Hussein Amin Bicar (1913 in Alexandria – November 2002 in Cairo) is one of Egypt’s most prominent artists of the 20th century.
From his childhood in Alexandria, Bicar seemed destined to be an artist. He could play the lute at the age of eight, and by nine, he was in demand as a music teacher for society ladies who, due to cultural restrictions, could not use adult male teachers.
Since graduating from Cairo’s School of Fine arts in 1934, Bicar spent more than 60 years of his life teaching art at schools and universities. In his senior year, he was able to study with Ahmad Sabri, the best portraitist in Egypt, who became his mentor and lifelong friend. In 1939, Bicar was selected as a member of a team of teachers who went to Morocco to teach at the invitation of the Moroccan government. In 1943, after his return to Egypt, he was appointed assistant to his former professor, Ahmed Sabri. Bicar spent the next 17 years there until he was appointed chair of the painting department, where he taught many contemporary Egyptian artists. His inclination to draw on Egyptian heritage was inspirational.
Being the first Egyptian artist to illustrate Arabic children’s books, Bicar has played a major role in establishing and promoting this field. Through the press, Bicar is credited for initiating a style of journalistic art that elevated newspapers illustration to a level close to that of Fine Art. Bicar’s contribution goes beyond illustration and includes art criticism and narrative poetry.
As a painter, Bicar’s work is characterized by pure and simple lines that convey forcefulness and spirituality elements. His versatility repeatedly appears as he works in various media, including watercolor, oils, and tempera — but the result is a distinctive Bicar style.
His subject matter is Egyptian. Unlike classical Greek or Roman art, which may be described as basically physical, the essence of Egyptian art is spiritual. The stylized figures in his paintings carry a poetic message representing the stability, mobility, and strength to be found in the character of Egypt’s agrarian roots. His sparse, minimalistic lines often impose a sculptured quality on his figures in their austere settings.

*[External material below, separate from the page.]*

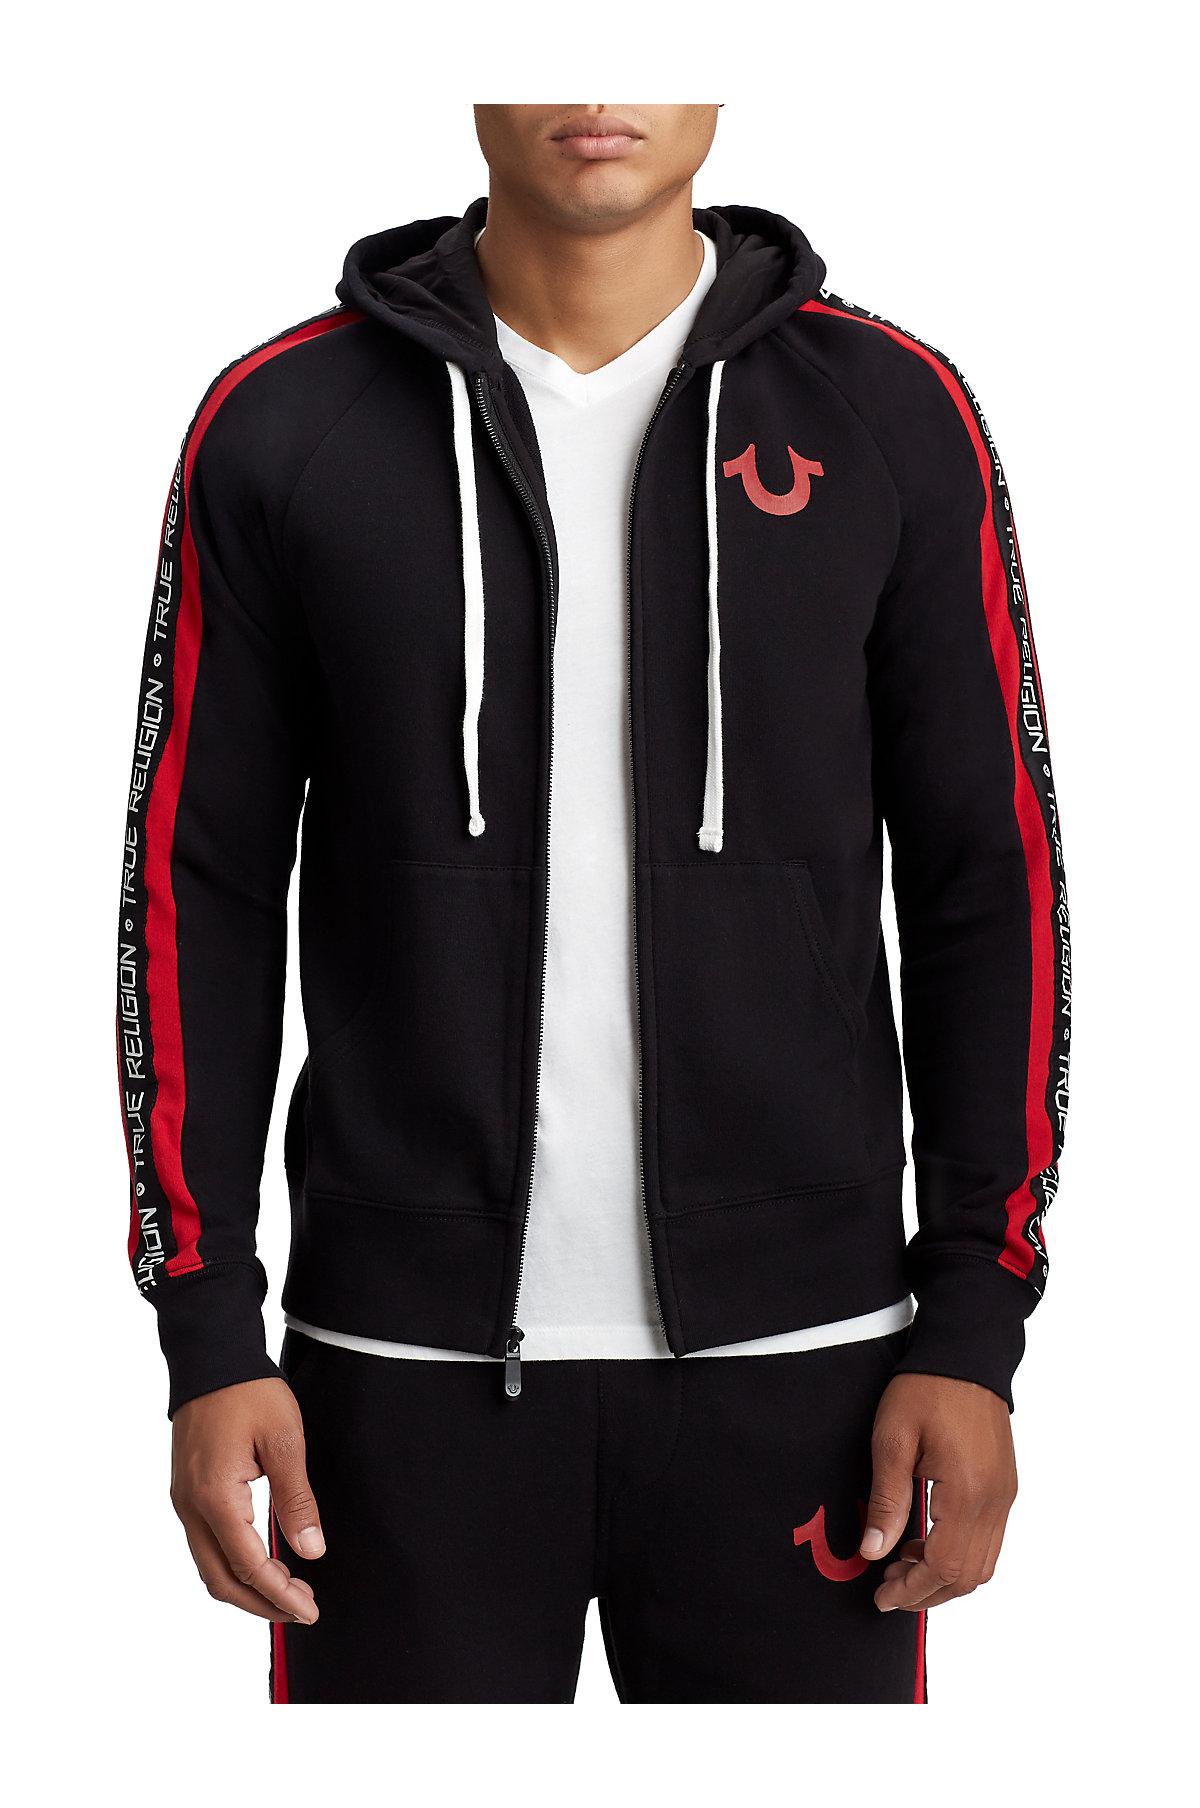 true religion black and red hoodie

This philosophical orientation towards expressing the spirituality of subjects is also apparent in Bicar’s portraits. His subjects seem to glow and exude their personalities. Since his college days, Bicar has continued to be an outstanding portrait artist.
A gentle, modest, and extremely gifted man, Hussein Bicar’s contribution to the arts of Egypt is beyond measure. After more than half a century as an artist and critic, he continued to be eclectic in his tastes, receptive to change, and eager to understand all art schools as they reflect world conditions. Elegant in his simplicity, Bicar explained, “To understand is to appreciate”.
In the words of late journalist Mustafa Amin: “He is not a single artist, he is a master of several arts. He is a painter, photographer, poet, musician, and philosopher”.
(Sobhy Sharony, Bicar, 2002)
Bicar was of Turkish extraction and a member of the Bahá’í faith.